The President said “you are the only people who can fill the gap and bring us from that two billion to the 16 billion.”
He considered the meeting with the farmers an important one. “Your concerns are very much my concerns and that is why it is important for me to have this opportunity to talk to you on a regular basis,” he said.
The President therefore noted that “the yearly visit is really not enough. We should be talking at least twice a year so that in real time, we can address some of the problems,” adding, “God willing if the four more for Nana works, we will have a new timetable and a schedule for our meetings.”

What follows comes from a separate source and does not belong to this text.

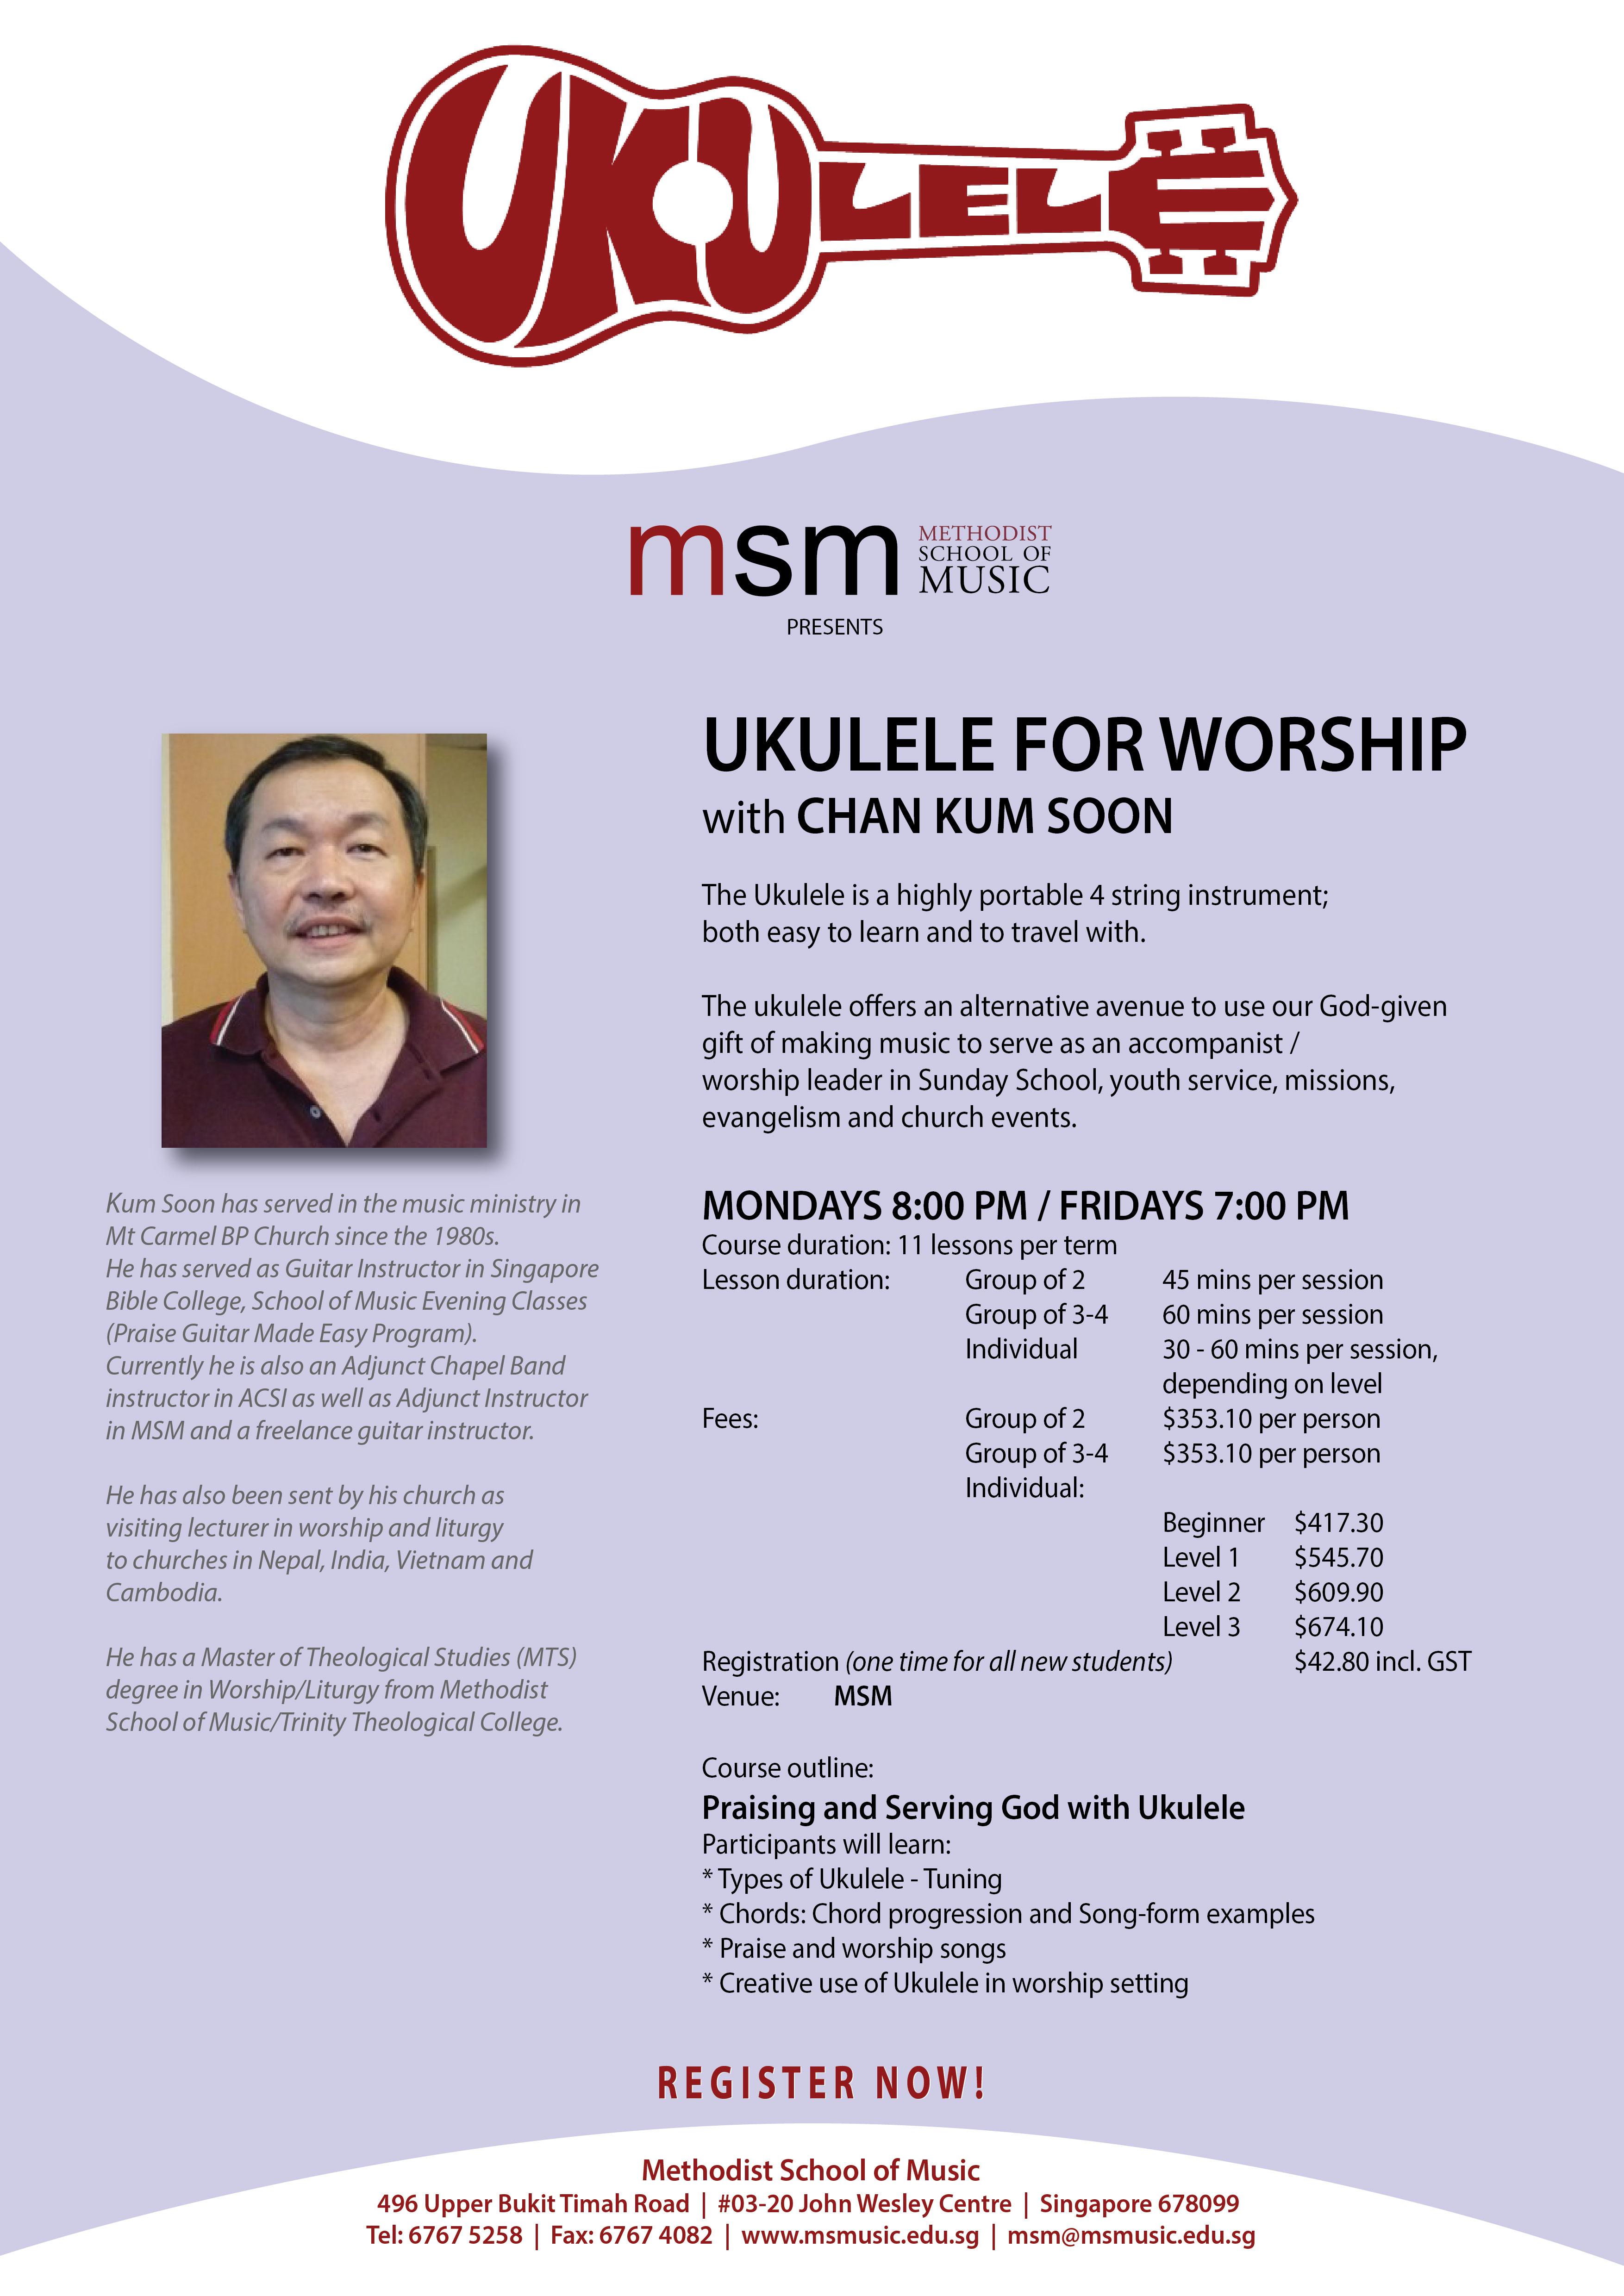 Ukulele for Worship with Mr Chan Kum Soon

On his part, National Chairman of the NFFAWAG, Davies Korboe, showed appreciation to the President for keeping faith with farmers and engaging them to move agriculture to a higher level.

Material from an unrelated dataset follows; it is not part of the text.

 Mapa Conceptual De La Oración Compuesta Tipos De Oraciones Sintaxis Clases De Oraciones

He listed some challenges that members of NFFAWAG were facing, including how to improve the mechanization of agriculture, the shortfall in financing the agric sector, marketing, pricing and price stability of their produce, quality standards as well as pest control challenges. Other challenges he enumerated included access to loans by rice value chain actors, lack of storage facilities in rice growing communities and poultry farming challenges, among others.
Korboe urged the President and his administration to give such concerns immediate attention.
To that, President Akufo-Addo noted, “the Agribusiness community has a great potential for the rapid development of our country and anybody who is serious about governance in Ghana has to pay a great deal of attention to your concerns so that we can all grow together.”